О том, как он учился, сохранилось мало свидетельств – во всяком случае блестящих успехов не было: сам он неоднократно, со всегдашней самоиронией, упоминал о своем юношеском тщеславии, но, видимо, оно удовлетворялось стихами и уважением друзей. Ирина Живописцева вспоминает, как однажды во время лекции по языкознанию (еще на первом курсе) на задних рядах лекционного зала играли в балду, смеялись, шушукались – и лекторша обратила внимание именно на нее, хотя она, аккуратистка и отличница, вообще отказывалась участвовать в общем веселье. Ей предложили выйти: «Видимо, мой предмет вас не интересует». Живописцева, багровая от стыда, стала спускаться по амфитеатру – и вдруг увидела, что следом за ней идут Булат и вся его компания. Как хотите, это поступок.
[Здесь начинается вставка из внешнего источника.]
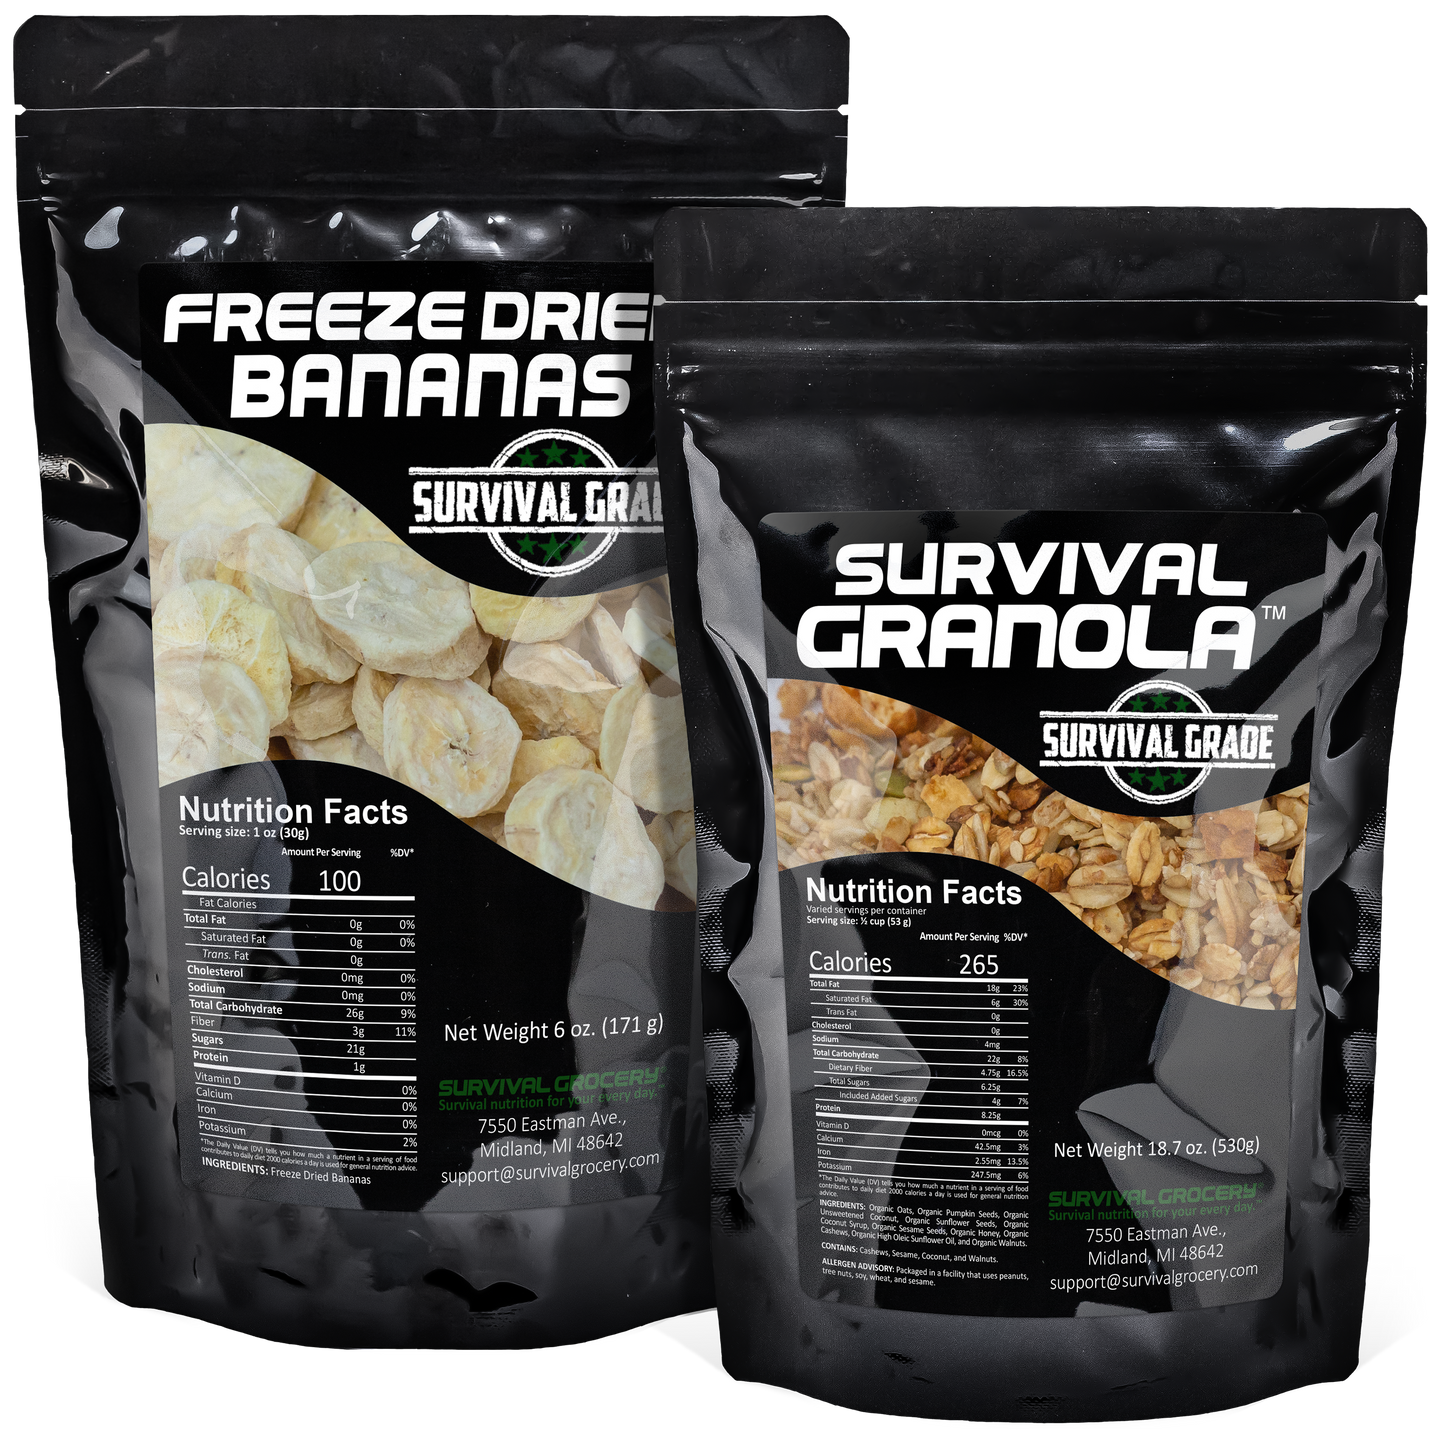 Survival Granola™ - Organic, Gluten Free, and Non-GMO

И сам он, и Живописцева свидетельствуют, что грузинский он знал на самом примитивном, разговорном уровне; экзаменатор на третьем курсе за примерно одинаковые знания поставил сестрам Смольяниновым по четверке, а ему – тройку: «Стыдно грузину не знать грузинского языка». Откуда и было знать – дома разговаривали «на языке Ленина». Одной из причин будущего распределения в глубинную Россию будет именно это.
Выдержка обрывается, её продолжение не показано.